Il v. 14 introduce il tema dell’innalzamento del Figlio dell’Uomo: tale titolo cristologico ha
certamente un’ascendenza danielica e si riferisce alla visione notturna di Dn 7. Nel vangelo
di Giovanni il titolo di ‘Figlio dell’Uomo’ viene usato da Gesù in riferimento alla propria
azione redentrice, al compimento della propria missione. L’espressione ‘Figlio dell’Uomo’,
che Giovanni cita 13 volte, è una figura dinamica depositaria della rivelazione e soprattutto
oggetto di esaltazione perché congiunge l’umile umanità alla sua gloria divina.
L’innalzamento di cui si parla al v. 14, fa pensare subito all’innalzamento sulla croce che
nella logica umana sembra il colmo dell’umiliazione e dell’abbassamento, ma che nella
prospettiva pasquale assunta da Giovanni diventa la rivelazione della sua condizione regale
perché è una morte per dedizione assoluta, per amare fino alla fine; l’innalzamento sul trono
della croce diventa cioè un innalzamento a segno rivelatore di salvezza.

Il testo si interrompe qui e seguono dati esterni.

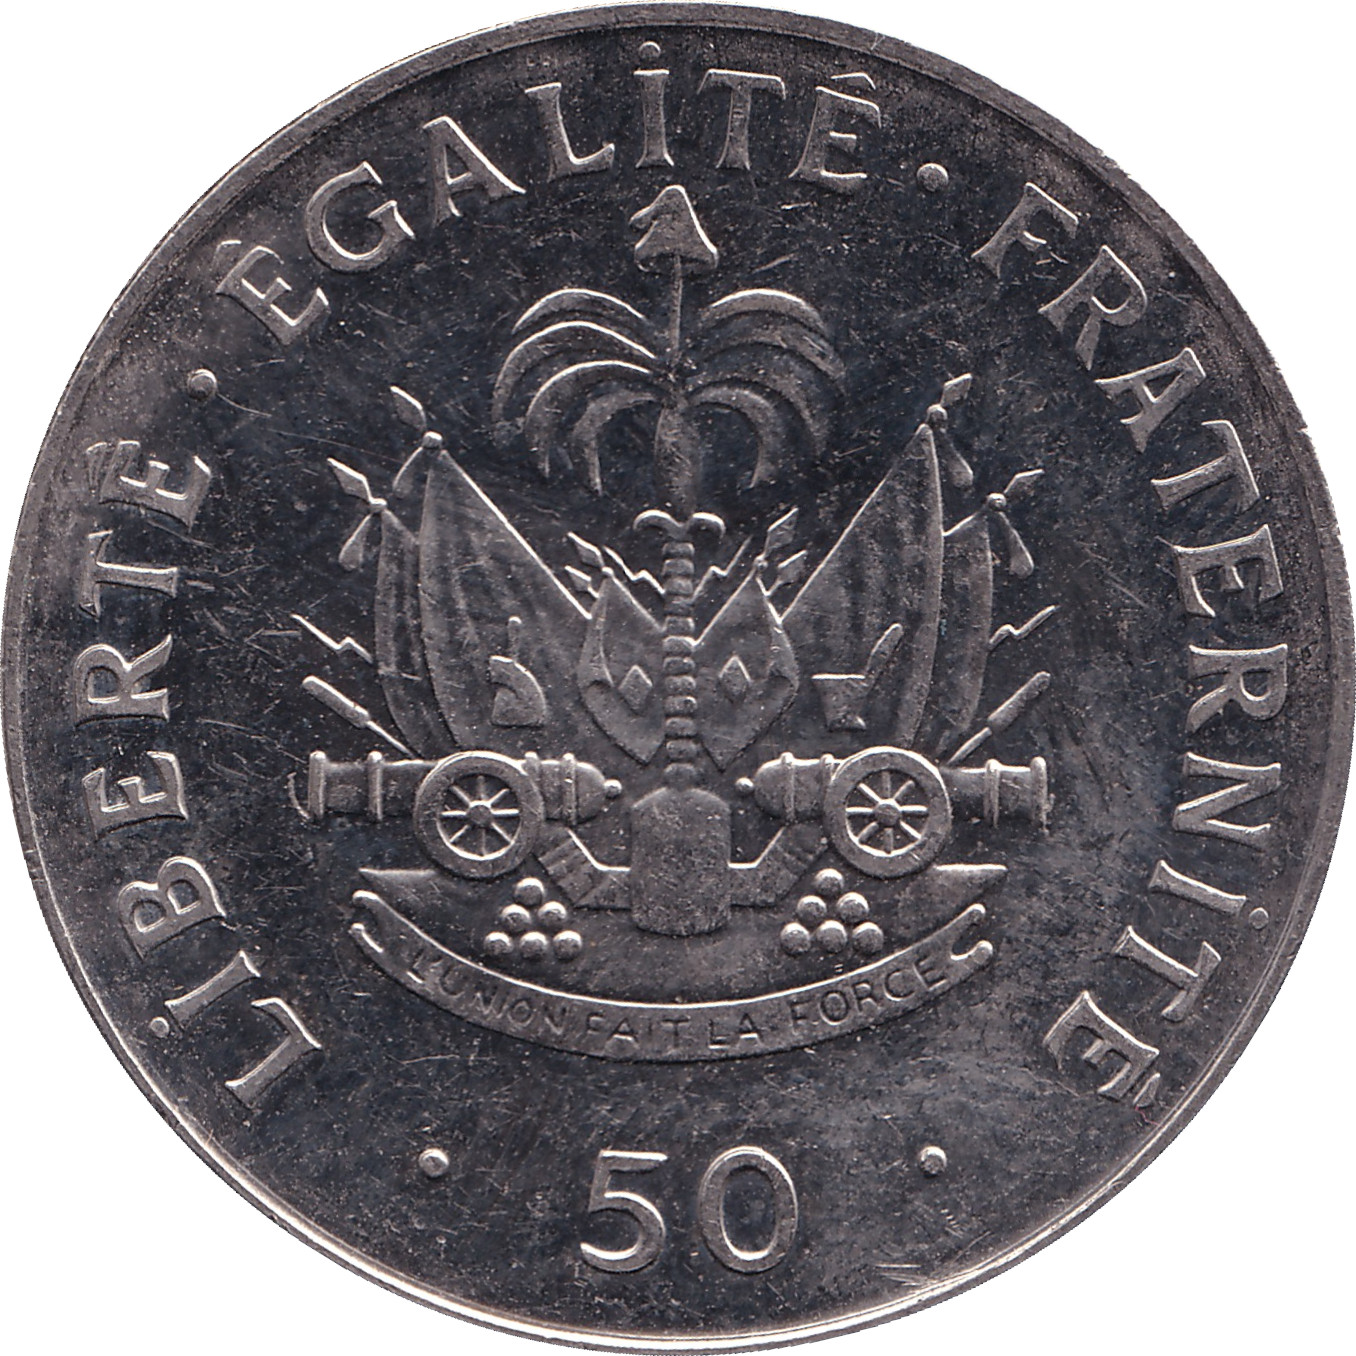 50 centimes - Charlemagne Peralte

Colui che è
innalzato sulla croce diventa oggetto di contemplazione, come appare dalla tipologia
istituita con il serpente di bronzo innalzato da Mosè nel deserto (Nm 21,9).

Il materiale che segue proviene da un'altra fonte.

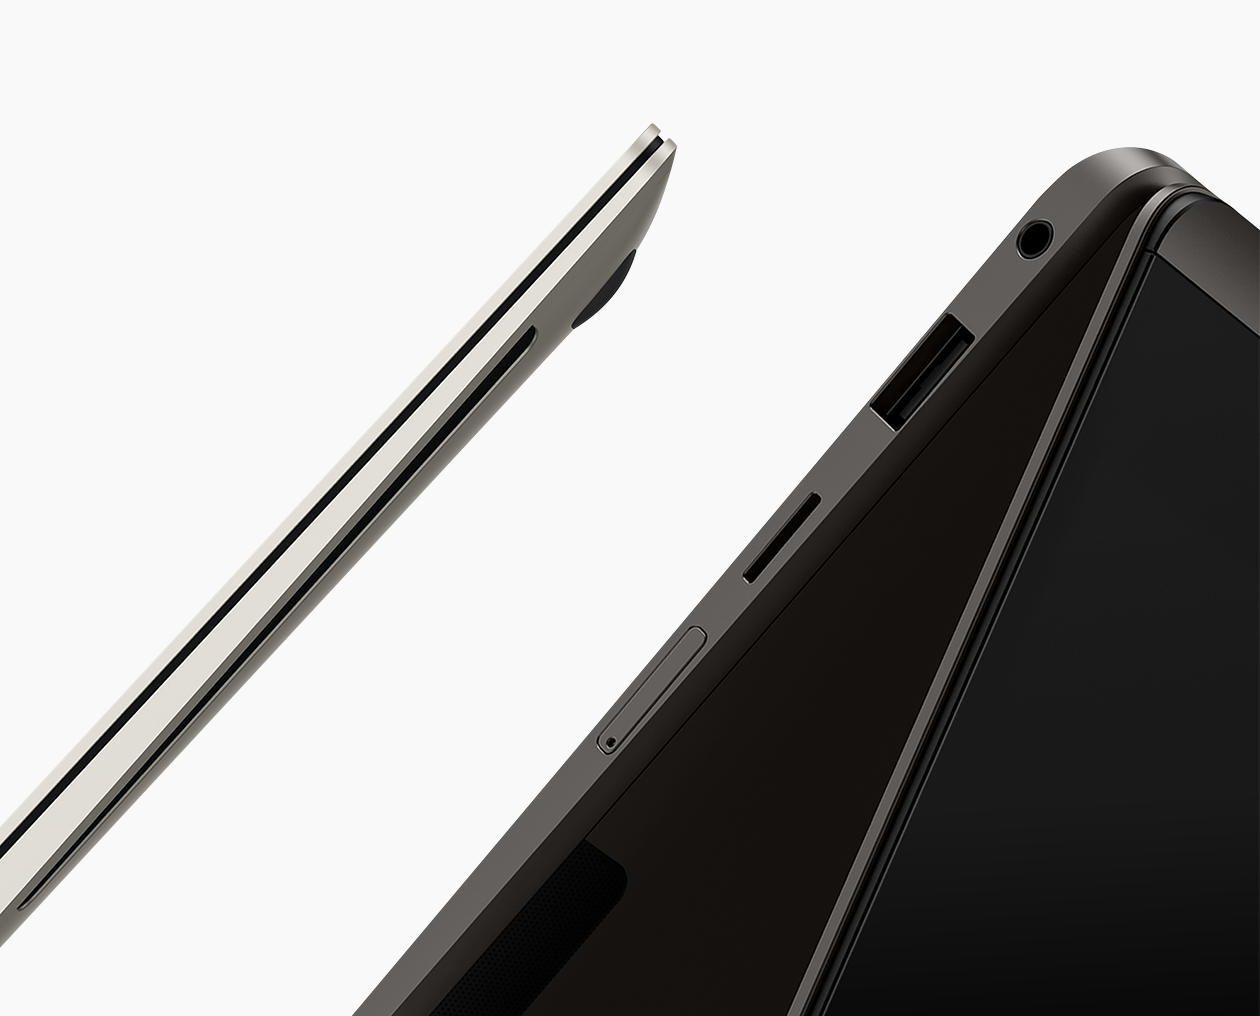 This is the Galaxy Book 3 image describes the minimal form of the aluminum body.

Quanto precedentemente era stato affermato sulla missione del Figlio dell’Uomo, innalzato
sulla croce, per donare la vita eterna a chi crede in lui, trova ora la sua fondazione teologica
in una cristologia del Figlio in modo assoluto. Difatti il v. 16 inizia con una particella che
talora ha un valore comparativo, ma quando è usata in modo assoluto assume una valenza
esclamativa:«Fino a tal punto!». Inoltre la sua collocazione all’inizio della frase gli dà un
valore assai enfatico. Si vuole così introdurre un’affermazione radicalmente unica e
incomparabile, per dire il mistero di un amore di Dio assolutamente smisurato e che ha per
oggetto il mondo. Il dialogo con Nicodemo si addentra poi in una serie di riflessioni di
natura escatologica, tipicamente giovannea, che al contrario dei Sinottici anticipa il giudizio
fin da ora, per cui esso si dà quando, invece della decisione di fede, si dà quella
dell’incredulità. Chi crede ha già la vita eterna e con essa la promessa della risurrezione,
mentre chi non crede è già condannato (Gv 3,18). In definitiva per Giovanni la decisione di
incredulità pone la persona in un permanente stato di giudizio che si manifesterà nell’ultimo
giorno. Nel prosieguo delle parole rivolte a Nicodemo, Gesù esplicita che il giudizio di
condanna non è formulato da Dio, ma da chi si chiude alla luce divina venuta nel mondo e
perciò risulta essere un’autocondanna. All’Amore incomprensibile di Dio, che giunge a dare
il Figlio per il mondo, si contrappone il fatto che gli uomini hanno amato più le tenebre che
la luce. L’antitesi con cui si conclude il dialogo con Nicodemo vede l’opposizione tra chi fa
il male e non viene alla luce e colui che fa la verità e viene alla luce. Fare la verità, nel
vangelo di Giovanni, significa aprirsi al mistero di Cristo rivelatore, accogliendolo perciò
come ‘luce’. La contrapposizione non è quindi tra un agire eticamente negativo e uno
positivo, ma tra un agire ispirato all’incredulità e uno radicato nella fede cristologica. Infatti
per Giovanni l’unica vera opera di Dio che l’uomo possa realizzare è la fede: «Questa è
l’opera di Dio: credere in colui che Egli ha mandato» (Gv 6,29).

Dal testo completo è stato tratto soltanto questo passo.